- _Required work_
Return the whole listing unchanged. Drop the images.

- _Supplied material_
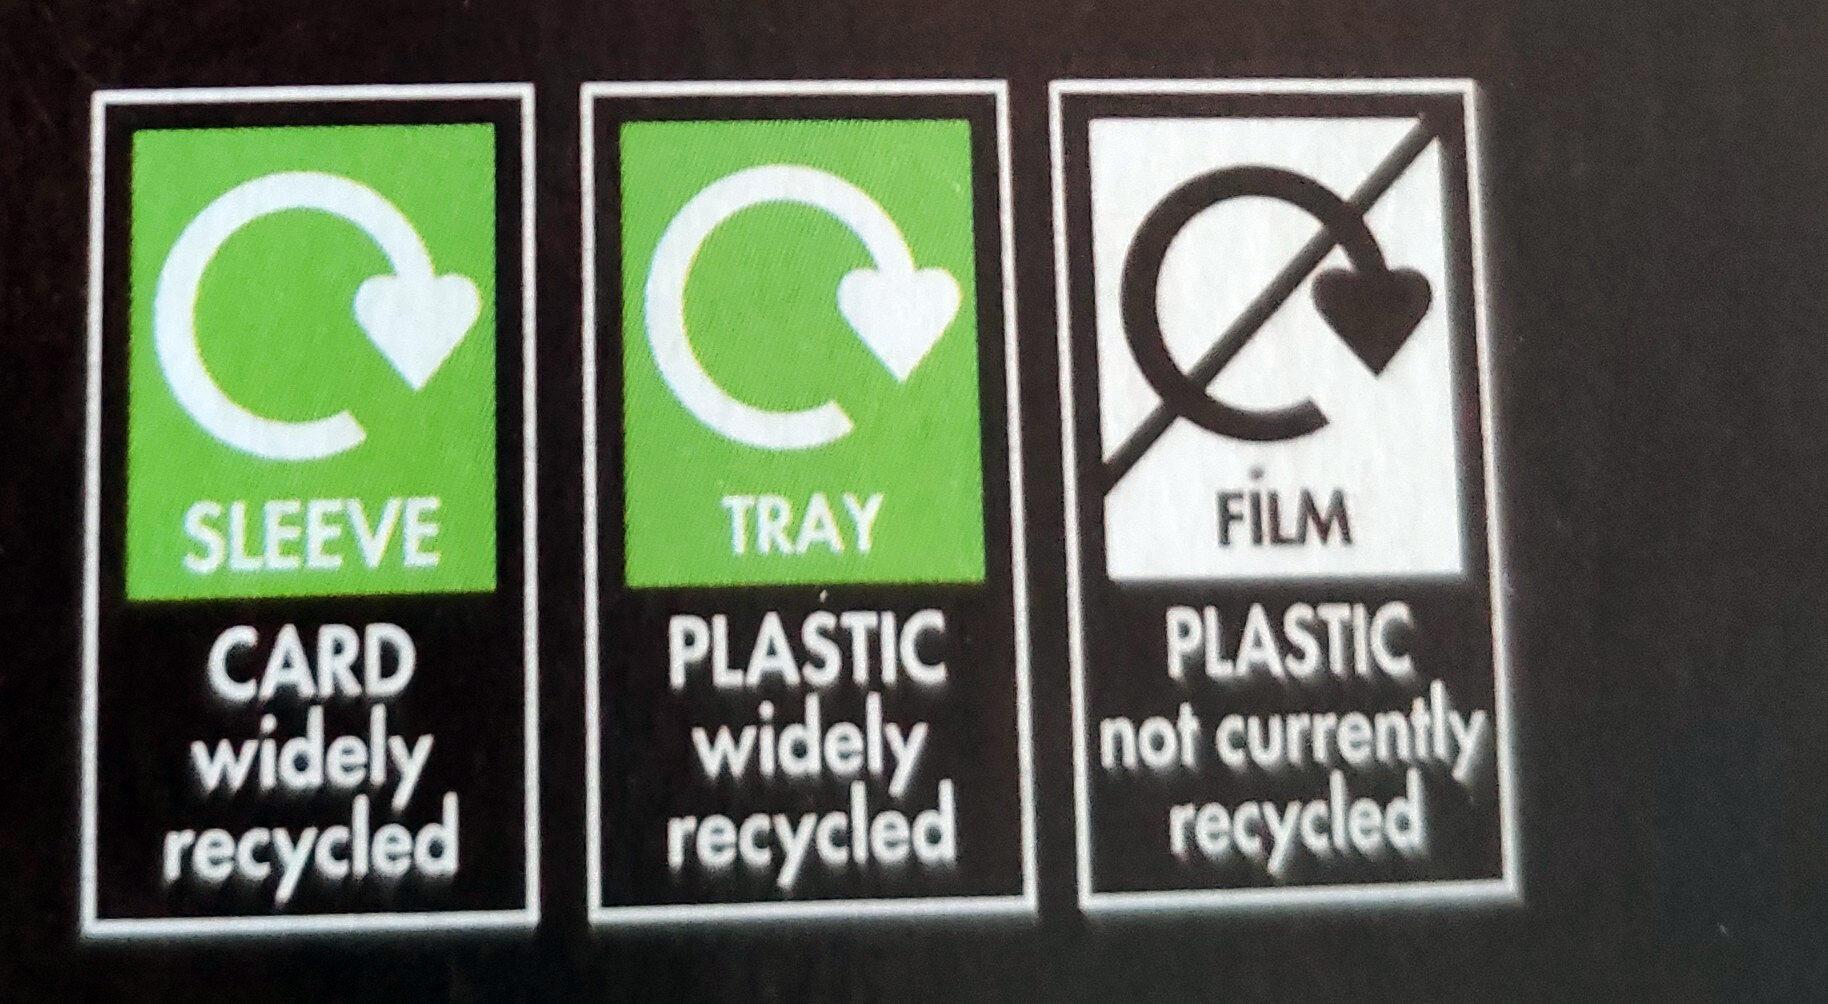 Organic Marinated Tofu - Instruction de recyclage et/ou informations d'emballage - en
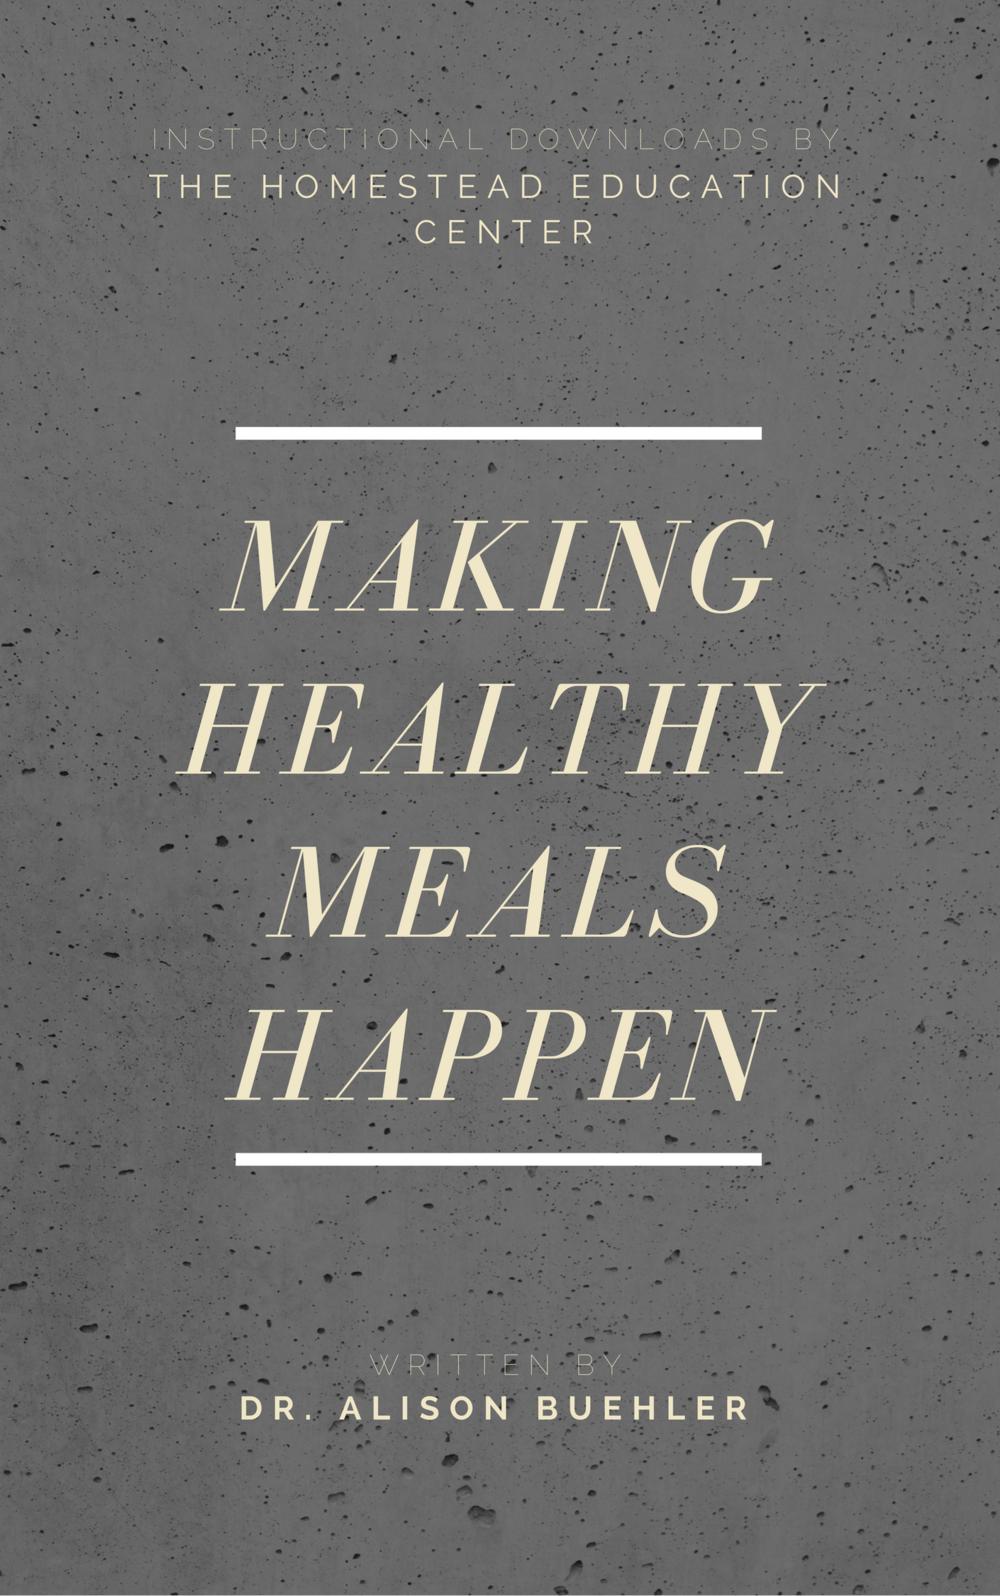 Making Healthy Meals Happen.png
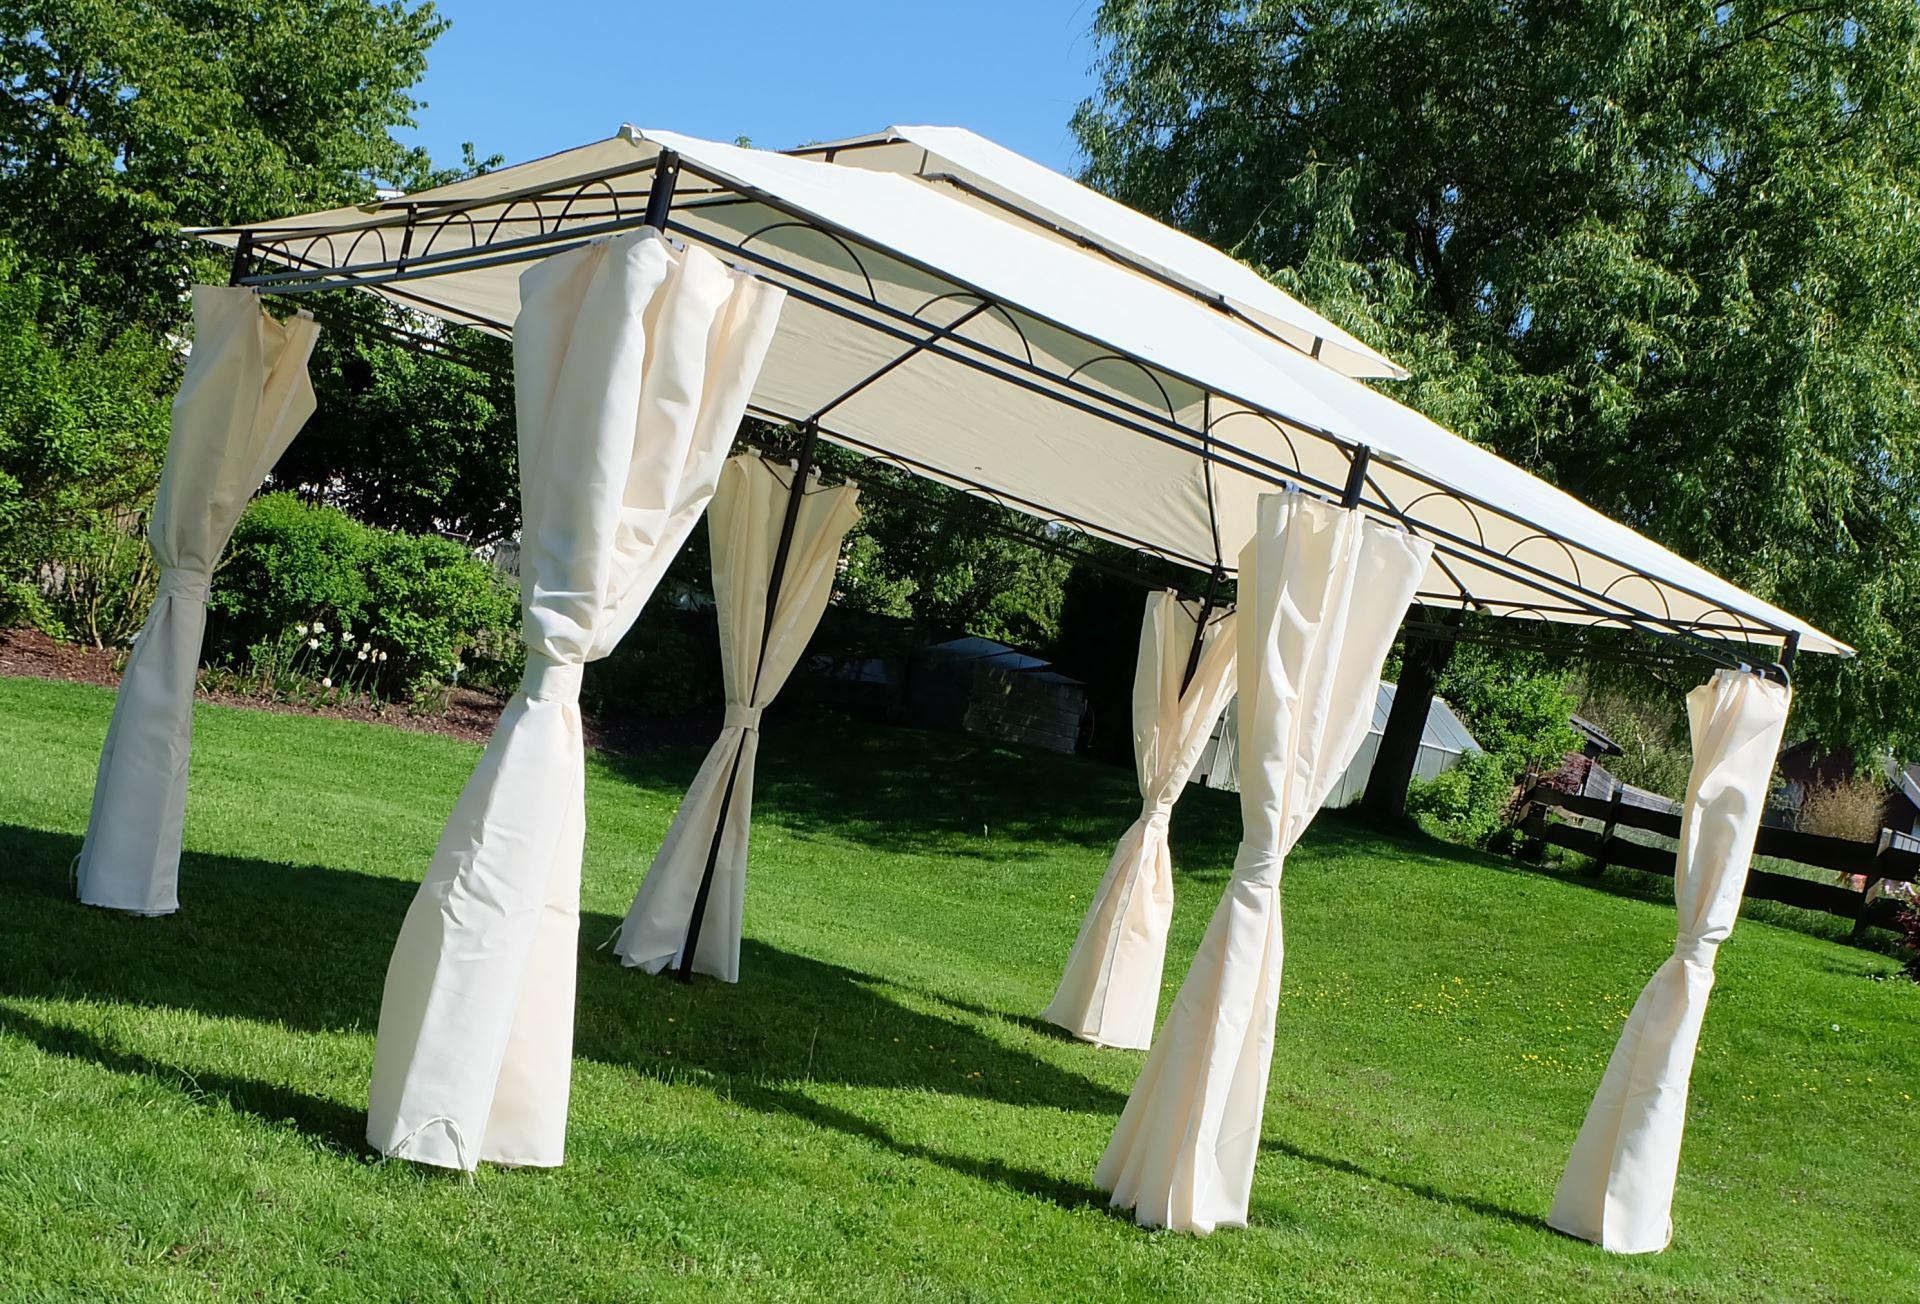 eleganter gartenpavillon pavillon 3x4 meter 12m dach 100 wasserdicht uv30 mit 6 vorh ngen. Black Bedroom Furniture Sets. Home Design Ideas

- _Answer to this task_
 Organic Marinated Tofu - Instruction de recyclage et/ou informations d'emballage - en
 Making Healthy Meals Happen.png
 eleganter gartenpavillon pavillon 3x4 meter 12m dach 100 wasserdicht uv30 mit 6 vorh ngen. Black Bedroom Furniture Sets. Home Design Ideas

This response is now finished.